From the perspective of these personal devotions, the parable that Jesus tells about the persistent widow and the unjust judge may strike you as an explanation for unanswered prayers or for answers that came only after long delay.

You may have heard Jesus’ admonition not to lose heart as simply the advise: Don’t give up.

While this is not mistaken, it is incomplete.

That’s because prayer is not first of all about giving God a wish list, no matter how noble and unselfish that list might be.

In prayer we participate in the divine life. And Jesus taught us again and again that life in him is dying and rising.  We die to a narrow life in order to rise to greater life.

All prayers—even our most informal personal devotions—are echoes or reverberations of Baptism and the Holy Eucharist. The ultimate point of prayer is to give ourselves utterly to God. We ask God to help us love what God loves.

As it turns out, God loves the entire creation. And when that creation suffers, so too does God.

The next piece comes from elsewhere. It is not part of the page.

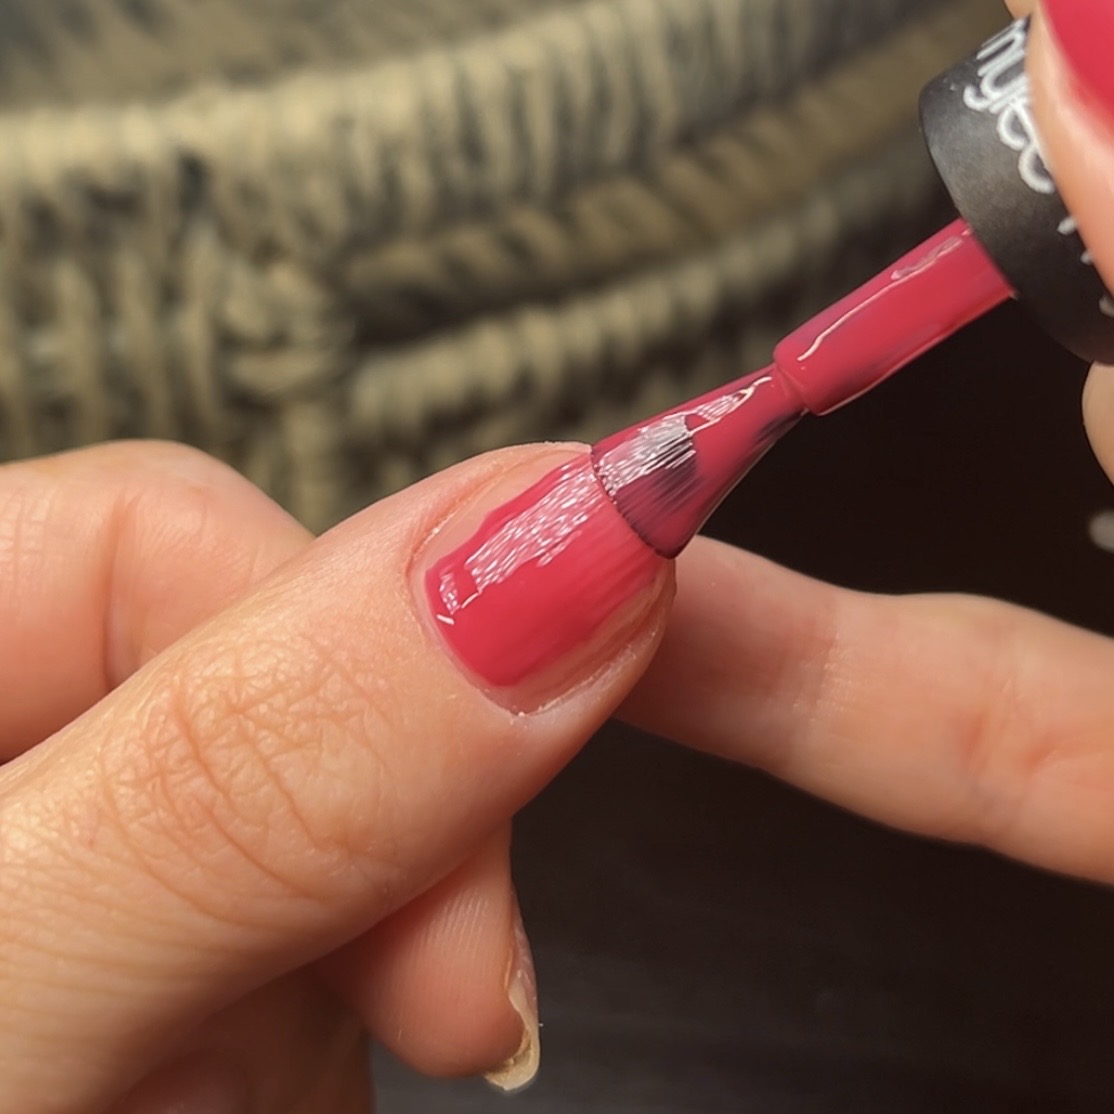 Woman slammed for painting her nails on flight | The Independent

To pray is to enter into God’s suffering love for the lonely, the broken-hearted, the abandoned, and the abused. For the malnourished, the mentally ill, the outcast, and the exploited. Even for the vicious and the unrepentant. No matter who they are. Where they live. What they look like. Or who they love or hate.

Since the divine love that suffers is also the love that heals the wounds of the creation, hope saturates the life of prayer. We pray in the dark because that is where new life starts.